Collected material:
■ ■ ■ ■ ■ ■ ■

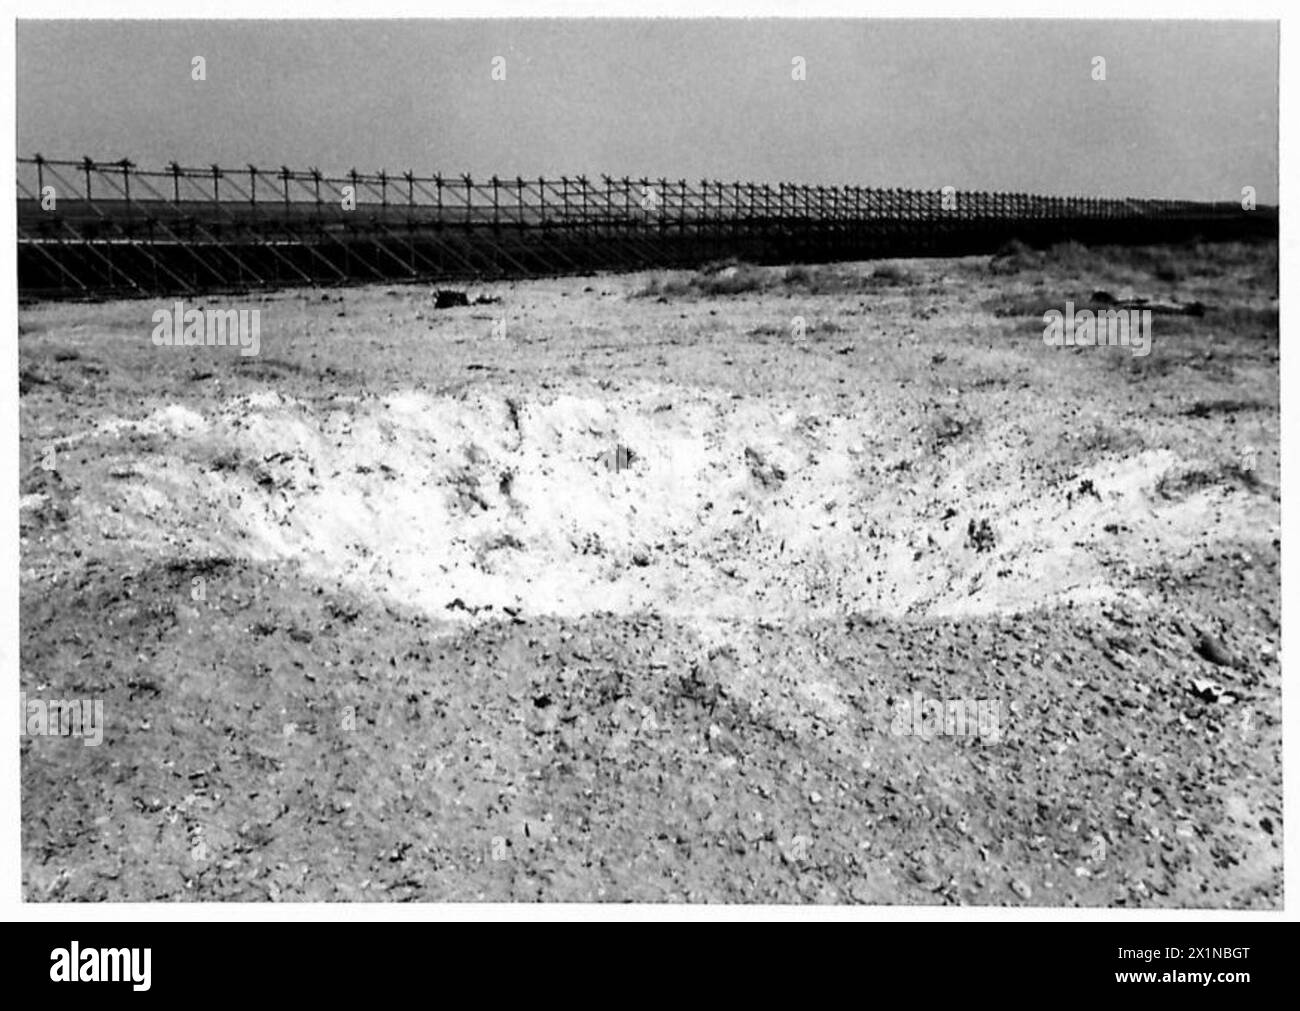 SPEZIELLE AUFGABE FÜR DIE 79. GEPANZERTE DIVISION - Ansichten in voller Breite und Tiefe von Kratern, die von 500 lb. Bomben gemacht wurden. Sicherung Nase – 1 Sek. Hecksicherung - keine Verzögerung, britische Armee Stockfoto
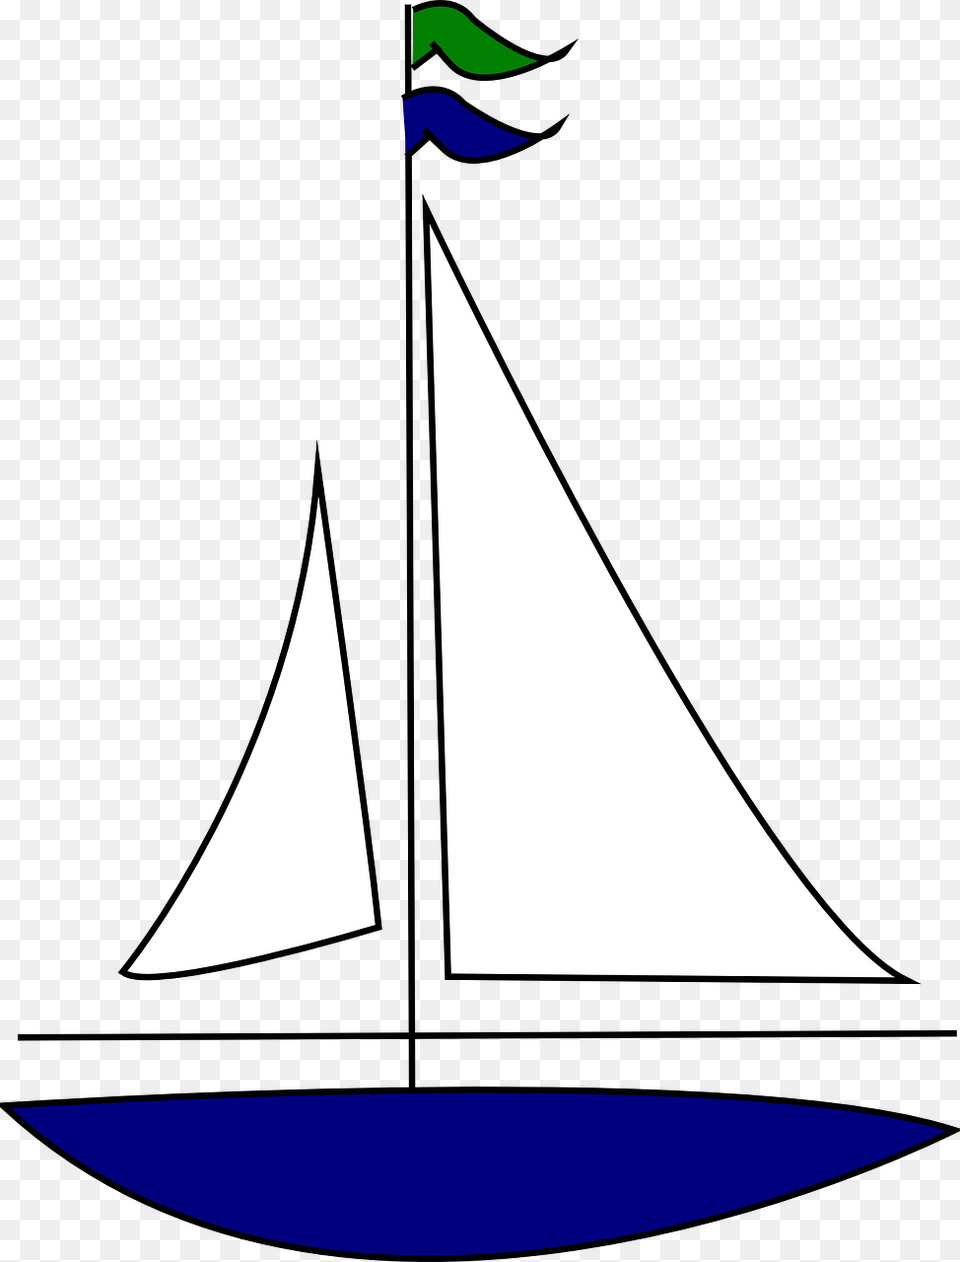 Image Of Sailboats, Boat, Sailboat, Transportation, Vehicle Png
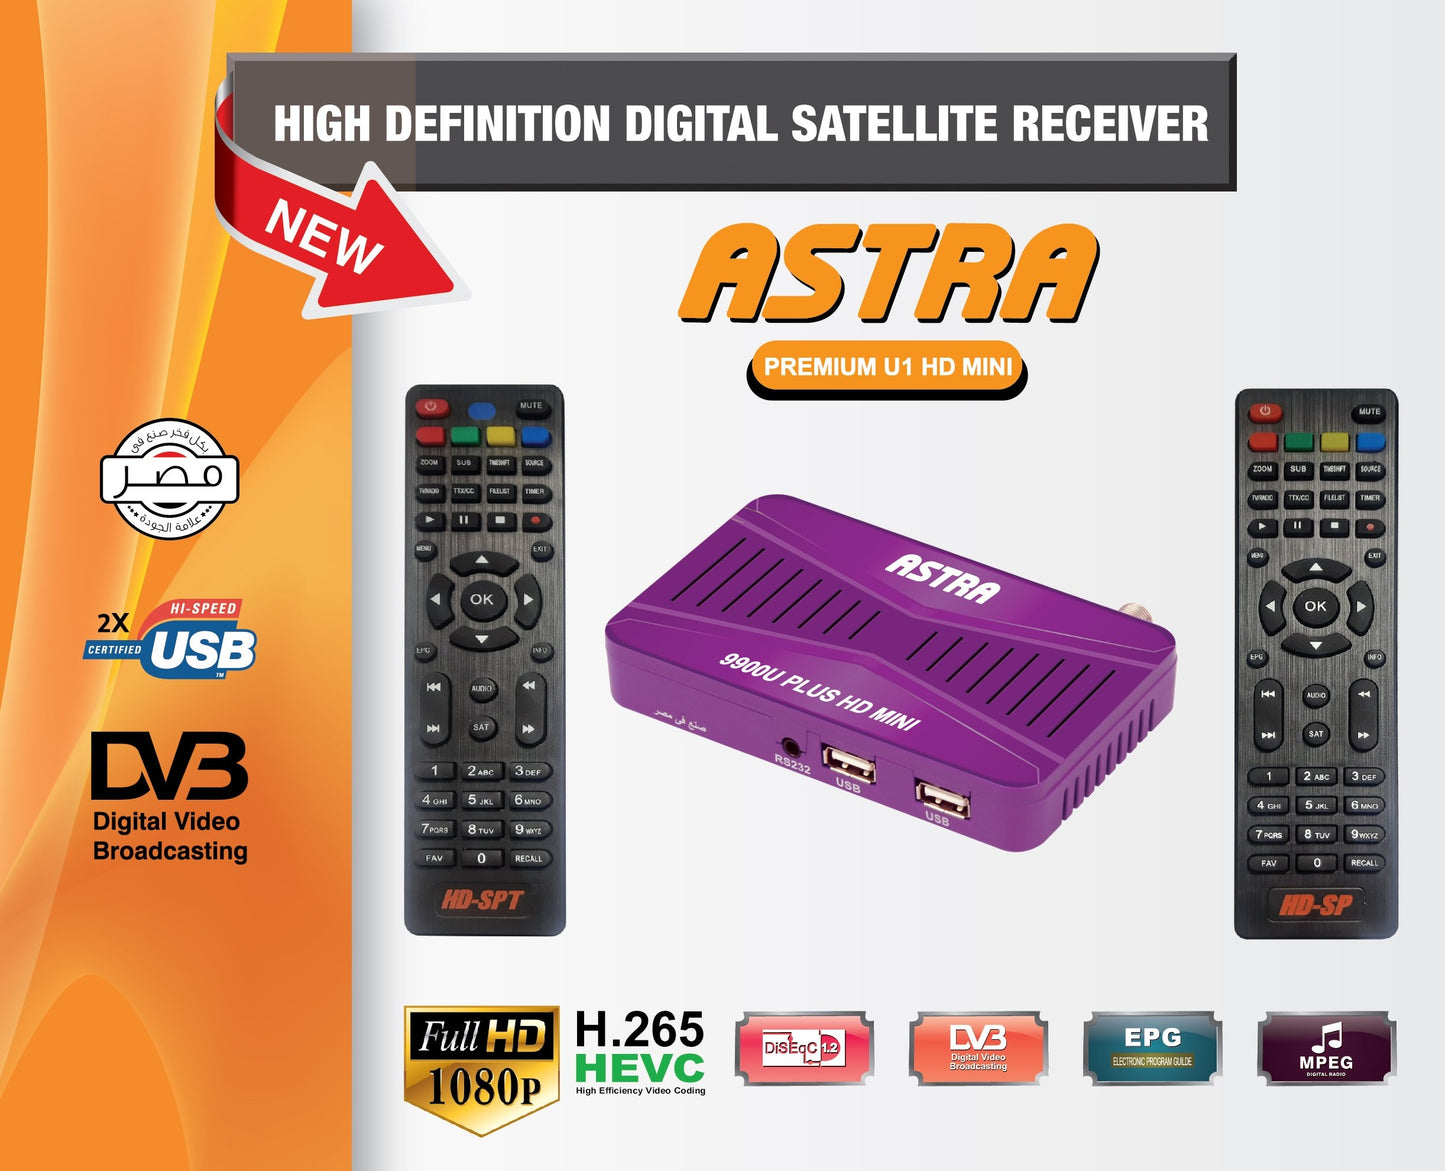 ASTRA, PREMIUM U1 HD Mini, Receiver

■ ■ ■ ■ ■ ■ ■

What to do:
The listing is to be reproduced in full and exactly, except that its pictures are to be dropped.

The answer:
 SPEZIELLE AUFGABE FÜR DIE 79. GEPANZERTE DIVISION - Ansichten in voller Breite und Tiefe von Kratern, die von 500 lb. Bomben gemacht wurden. Sicherung Nase – 1 Sek. Hecksicherung - keine Verzögerung, britische Armee Stockfoto
 Image Of Sailboats, Boat, Sailboat, Transportation, Vehicle Png
 ASTRA, PREMIUM U1 HD Mini, Receiver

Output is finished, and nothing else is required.